Тут и попался бездельнику Якову на пути Васька Соколов. И давай Яков, аки демон, его обольщать. «У тебя, — спрашивает Ваську, — баба уже была?» Какая баба в тринадцать лет? Так, целовался только. «Была! — отвечает Васька. — Даже две!» Прищурился Яков. «Брешешь, — говорит. — По глазам вижу, что брешешь. Не было у тебя бабы». Васька молчит. «А знаешь, почему не было? Потому что скучный ты. Обычный. А бабы любят, когда с огоньком». Васька молчит. «Пантеру мою видал? — спрашивает Яков и протягивает руку. — На, посмотри». Смотрит с руки Якова на Ваську синий клыкастый зверь. «Красиво?» Васька кивнул. «Дерзко?» Дерзче некуда. «Вот! Вот что бабы любят! Без наколочки я обычный был, как ты. Бабы меня сторонились. А как нарисовал зверюгу, отбоя нет! Сечёшь?» — «Секу».
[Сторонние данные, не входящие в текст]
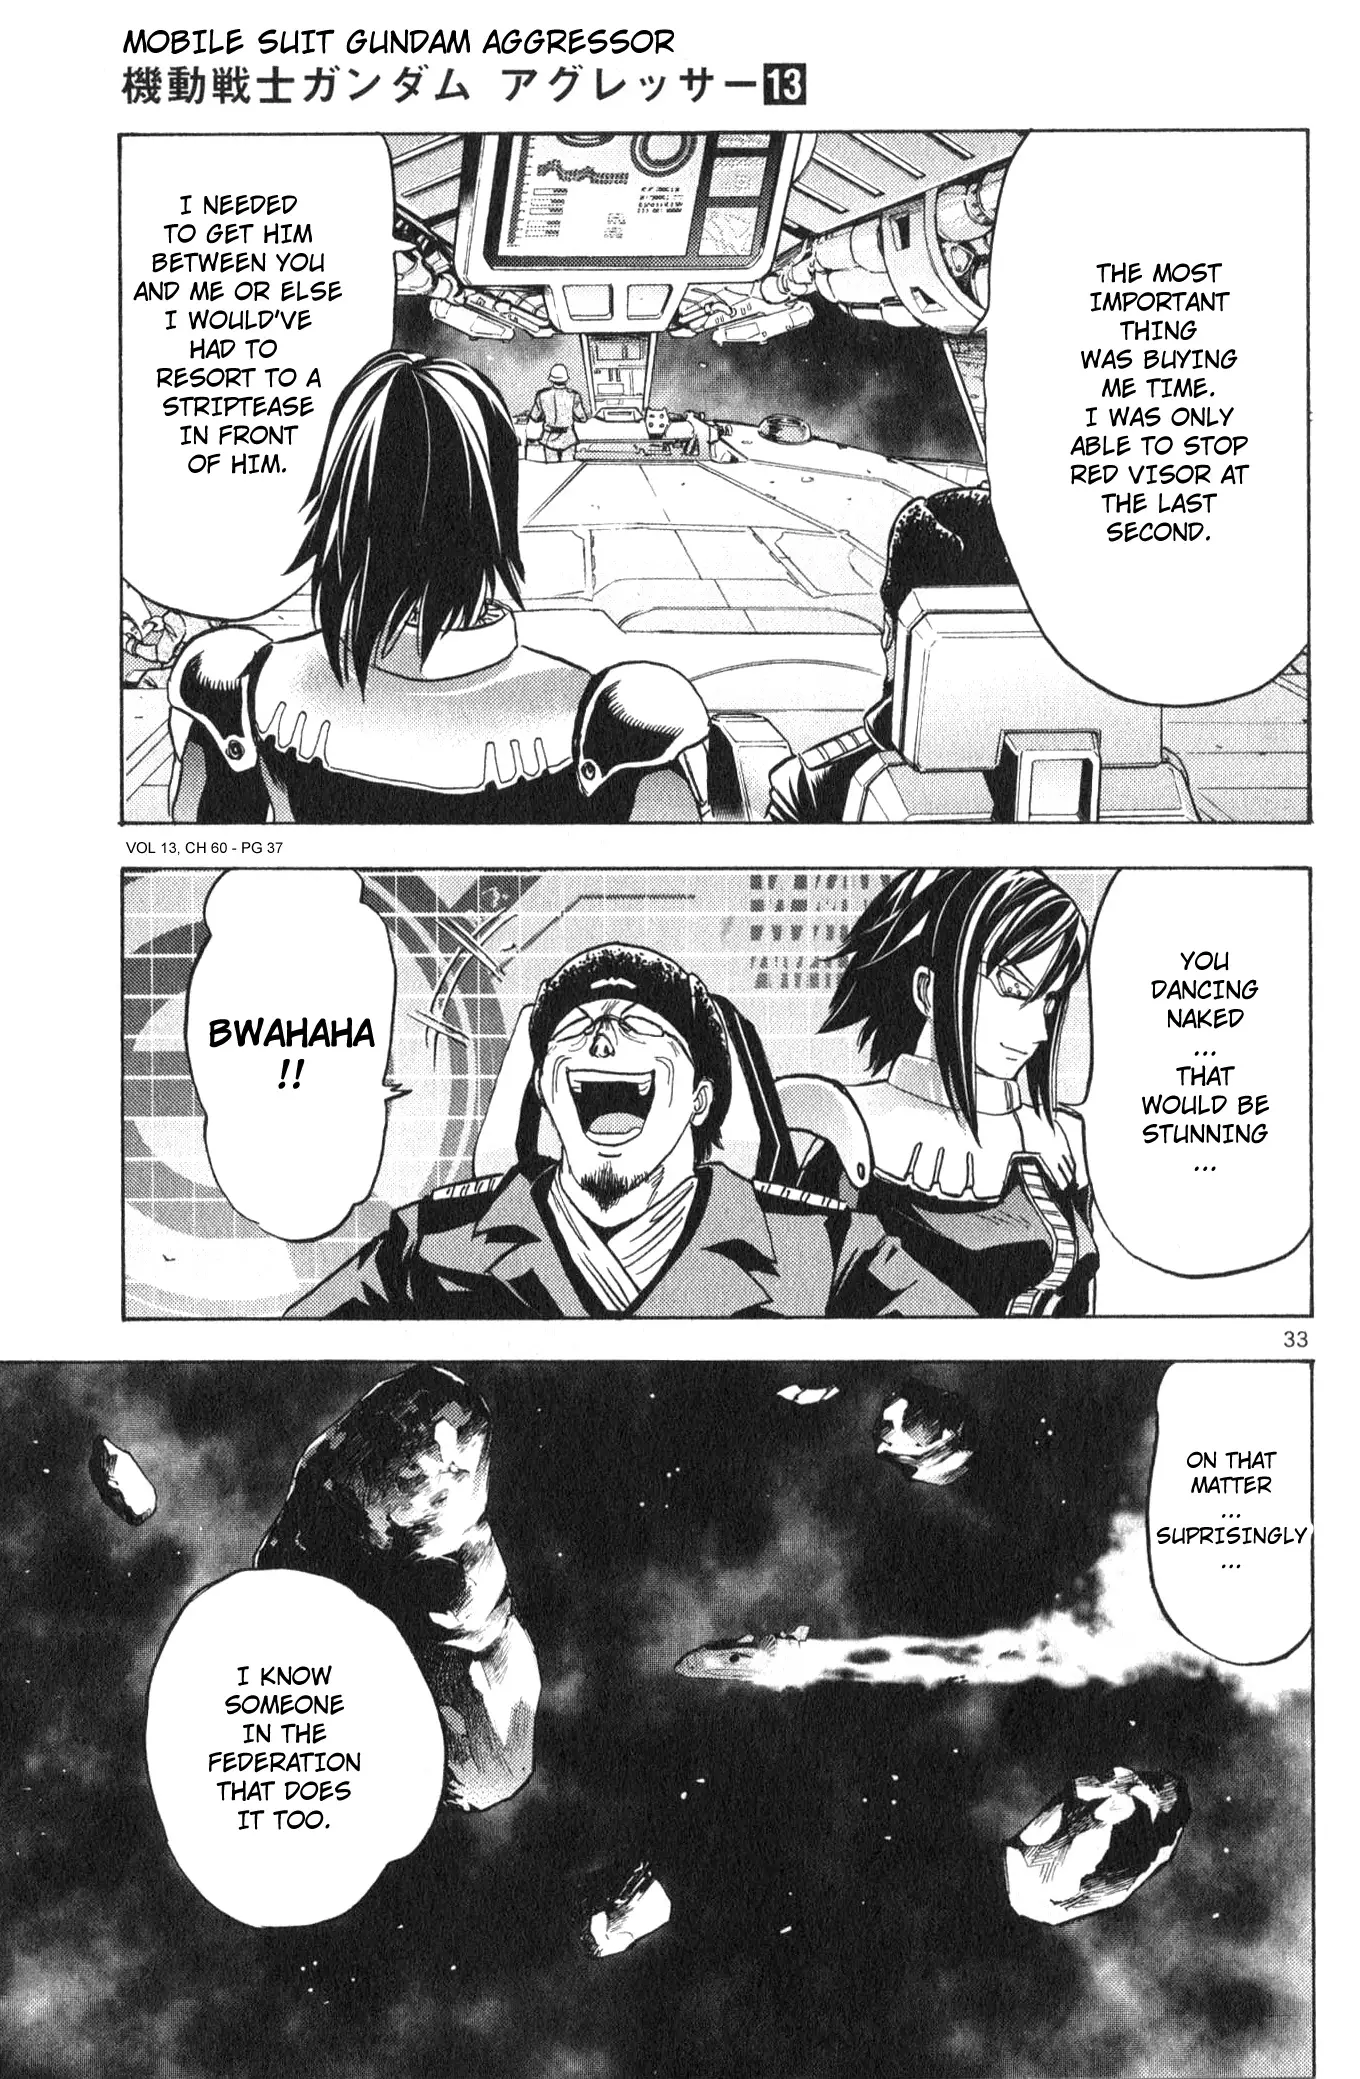 Mobile Suit Gundam Aggressor - 60 page 32-a9e9723f

И попал Яков Ваське Соколову в самое сердце. Одурманил его. Заворожил. Васька ложился спать, а в уме — наколка. В школу шёл — вновь она. Представлял Васька мускулистую руку свою, а на ней — что? Дракон. Японский. И сам Васька — уже и не Васька вовсе, а мафия, якудза, опасный человек. Или не дракон, а штурвал. Моряцкий. Или не штурвал, а череп. Короче, много ли надо сельскому пацану, чтобы размечтаться?
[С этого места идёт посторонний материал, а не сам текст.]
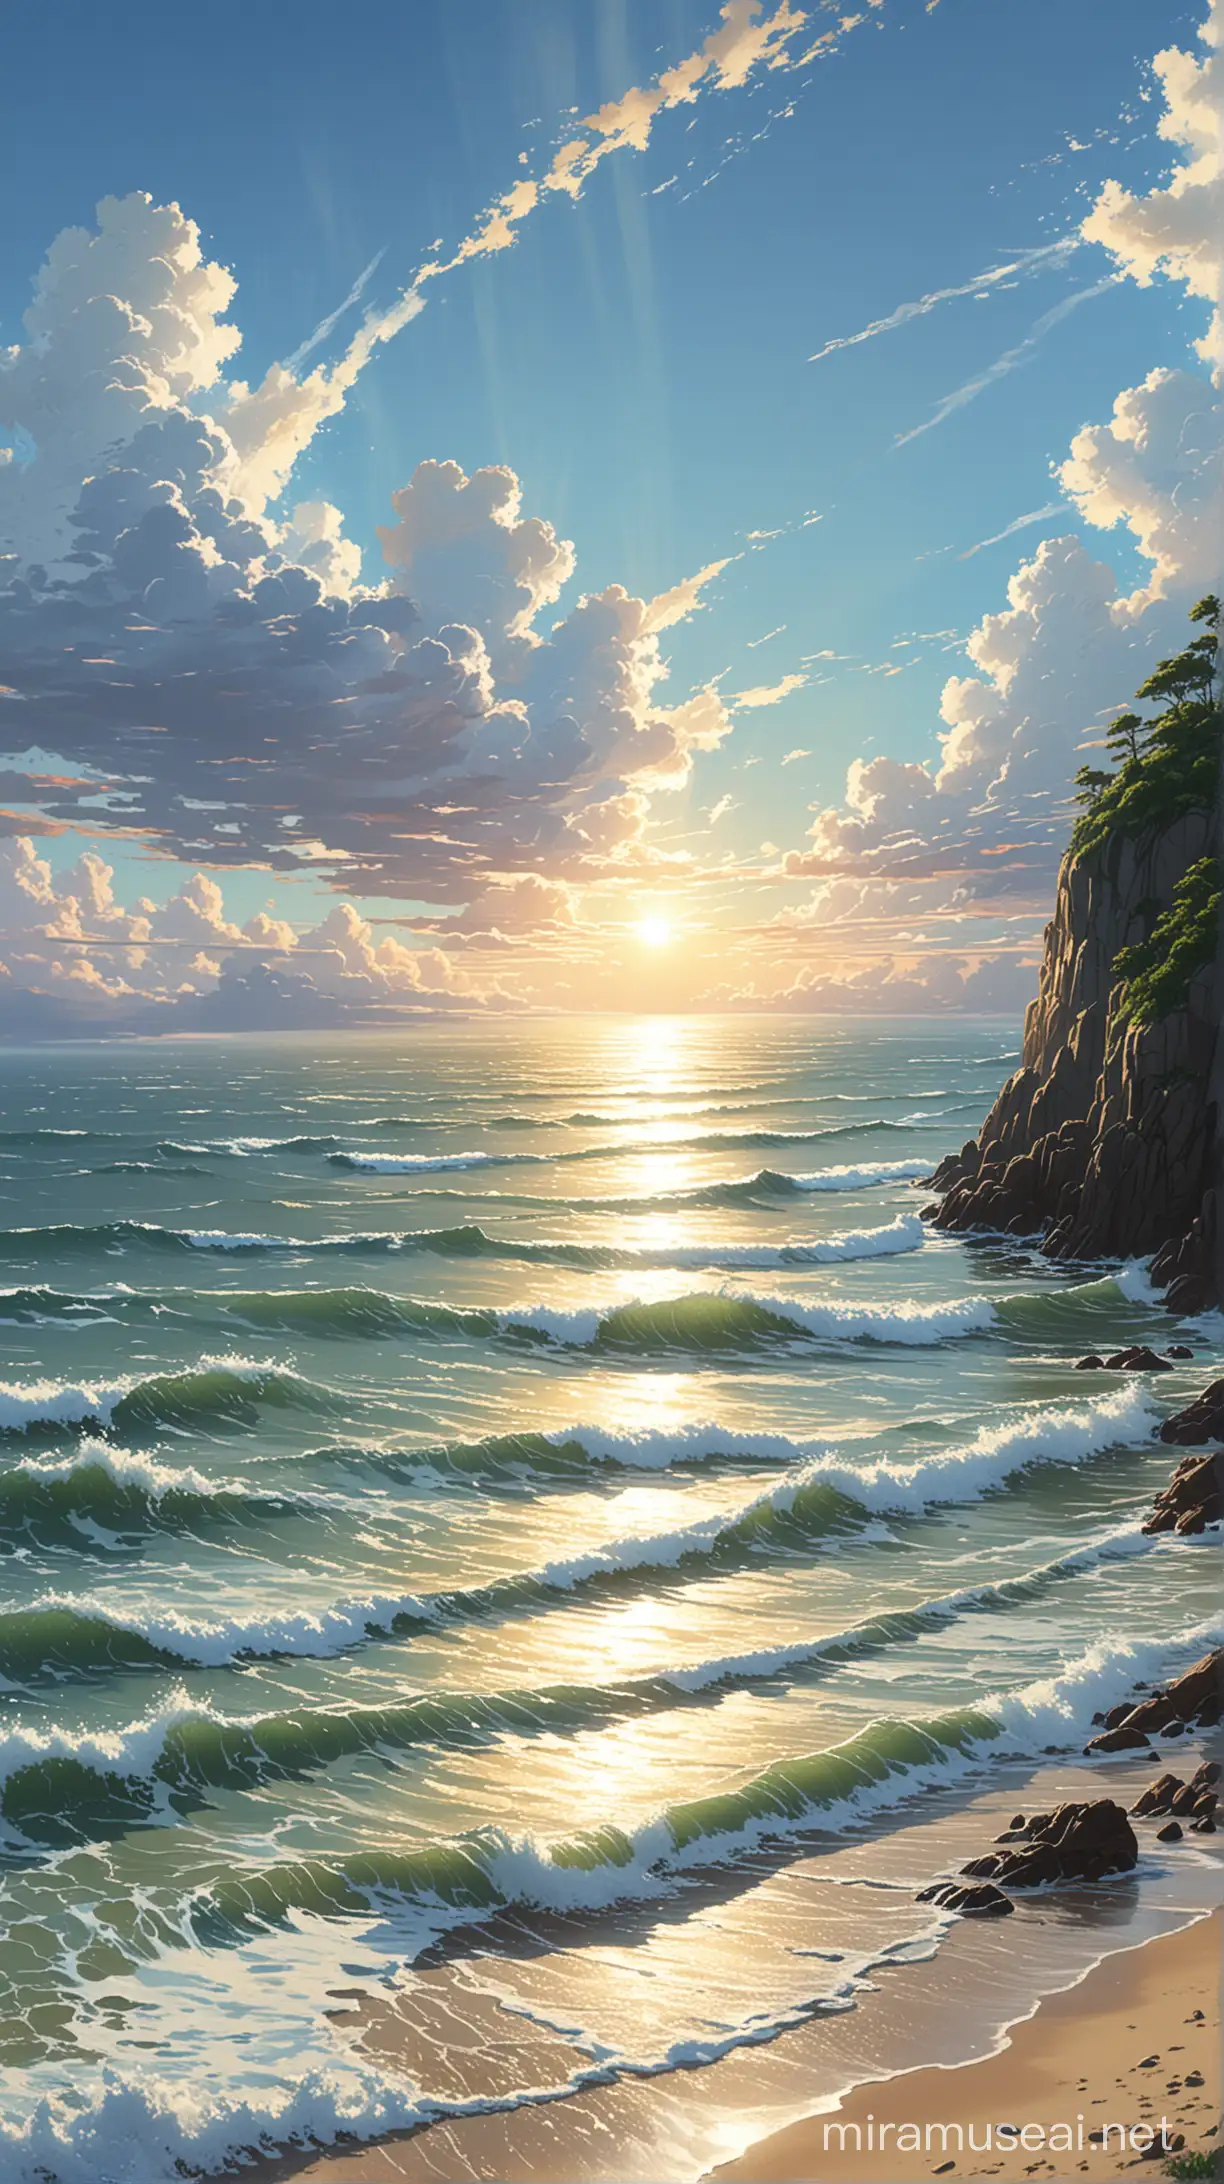 Oceanfront Daytime Scene with Sunlight and Waves Makoto Shinkai Style Illustration

Глядь — через месяц уже трое ходили с наколками. У кого — синий нож с коброй. У кого — скорпион

Измаялся Васька — да и пришёл к Якову в один день. «Коли!» — протянул руку. «Что колоть?» — «Не знаю. Дракона можешь? А черепуху? А кинжал? Хотя нет. Коли паутину. Хотя тоже нет». — «Так чего колоть-то?» «А не знаю, — покраснел Васька. — Коли солнце! И имя моё наверху».

Яков и наколол.

Только вышла у Якова с Васькой Соколовым промашка. Раз вечером увидала Васькину руку его маменька. «Ну-ка, ну-ка, — проворчала. — Это что эт-там? Никак, наколочка?» А надо сказать, что рос Васька Соколов без отца. И оттого маменька его была строга за двоих — за папку, которого не было, и за себя. Могла и ремнём лупануть Ваську. Но и в обиду не давала. Раз вернулся Васёк с расквашенным носом — так она допросила его, вытянула признание, кто бил, нашла обидчика и за волосы оттаскала при всех. Побаивались Васькину мамку. Считали, что зазря к ней лучше не лезть.
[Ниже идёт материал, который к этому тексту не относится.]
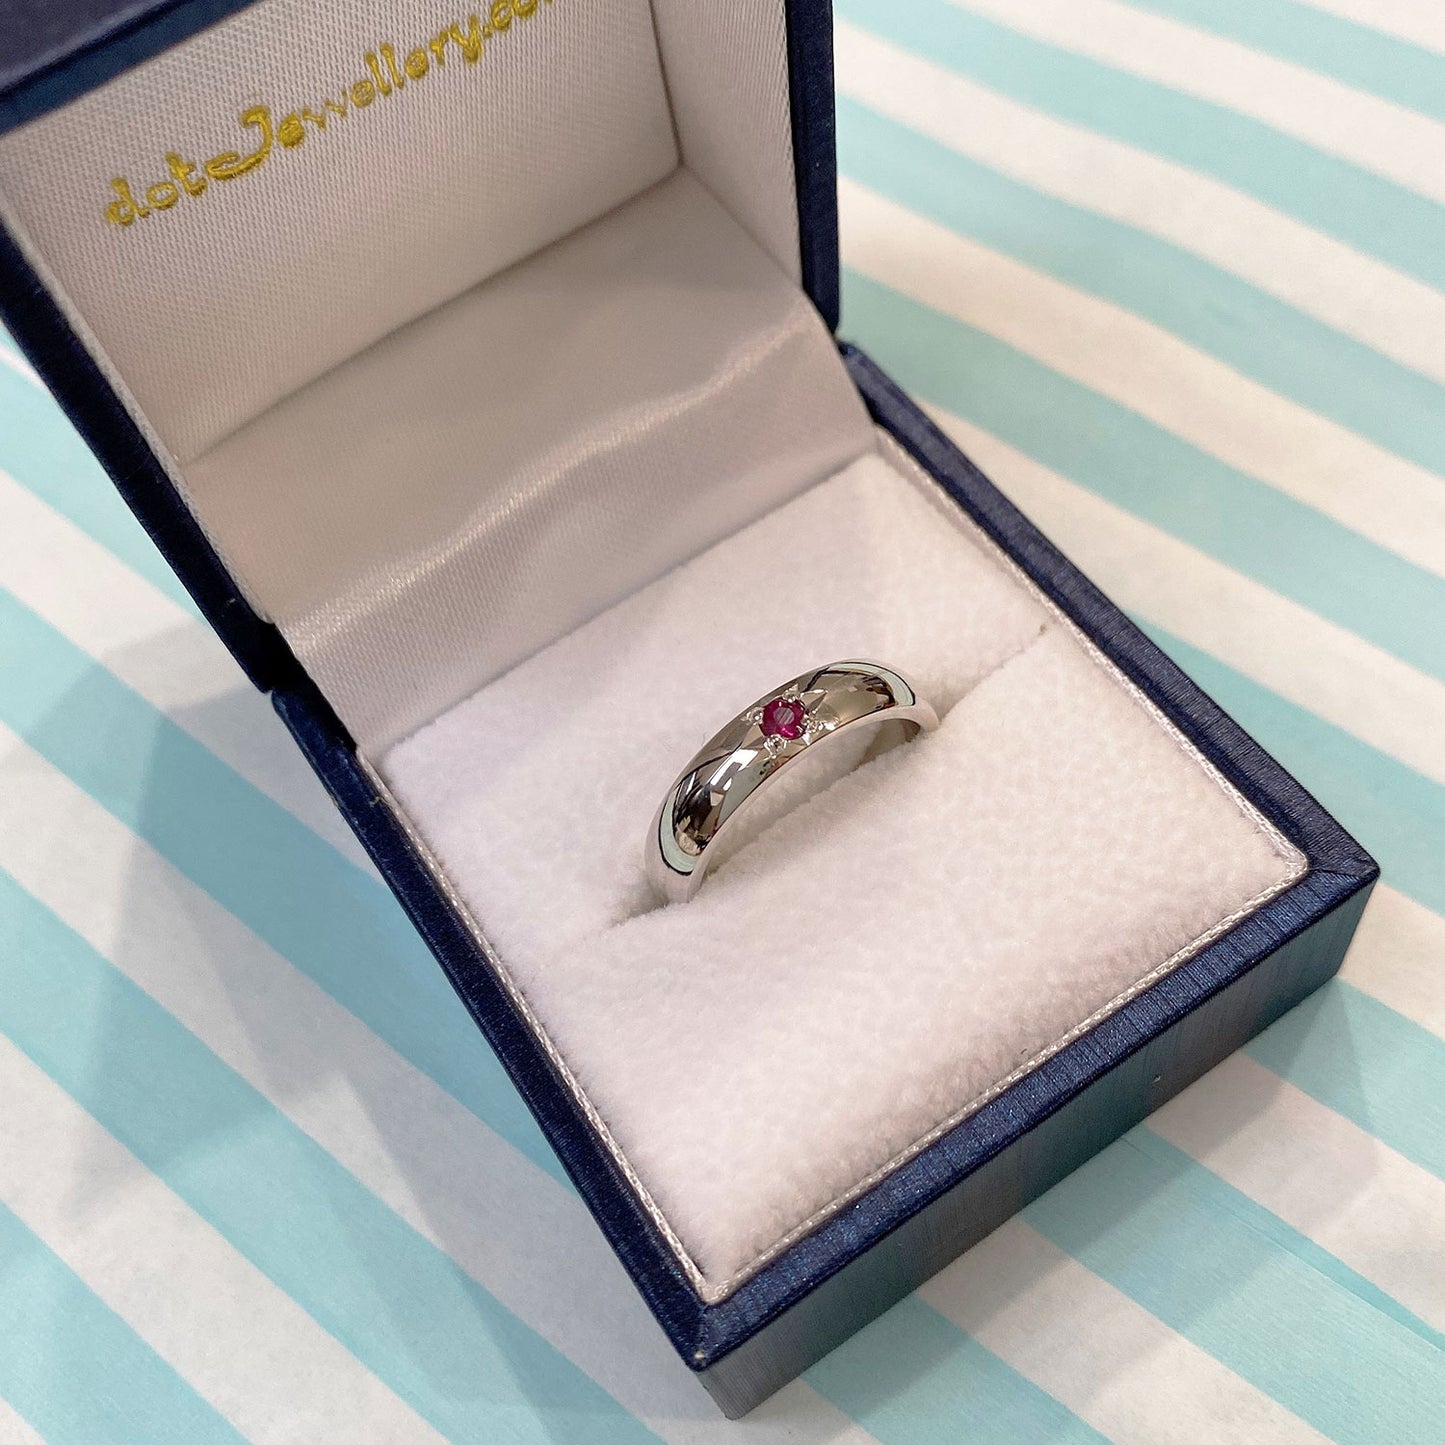 Ruby Star Set 950 Palladium 4mm Wedding Ring

И вот теперь упёрла она руки в боки и спрашивает: «Никак, накололся?» «Синяк у меня, — пробурчал Васька. — На футболе». — «А ну, покажь свой футбол!» — «Не покАжу». — «А ну покажь, сказала!» Что тут поделаешь? Пришлось показать.

Ох и досталось Ваське в тот вечер. И скалкой боднули его. И рукой. И полотенцем. Под конец заставила маменька Ваську оттирать наколочку мылом с мочалкой. Да только куда там. Васька трёт, а она только лучше, ярче. Распустило солнышко свои лучики. Светит гордо на кулаке имя человеческое — ВАСЯ.

Наутро пошла маменька к участковому жаловаться. «Что ж такое у вас творится? — ругалась. — Куда власти смотрят? Ему же, Васеньке моему, с этим теперь жить!» Только участковый уже и сам всё знал. «Примем меры, — сказал он. — Якова, засранца, я голой жопой на рыболовный крючок насажу!»

И слово своё сдержал. Нашёл Якова поддатым в городском парке. «Сдавай, — сказал, — машинку и готовься теперь сесть». «За что, начальник?» — заныл дуралей Яков. «Ты Соколову татуировку набил? Вот за это. За совращение малолетних!» — «Меня в армию забирают. Пожалейте!» Участковый Якова за отвороты куртки приподнял и сказал: «Значит, так! Поедешь в свою армию, и чтобы духу твоего здесь не было! Понял?» — «Понял». — «В армии говорят: «Есть!» «Есть!» — гаркнул Яков. И честь отдал.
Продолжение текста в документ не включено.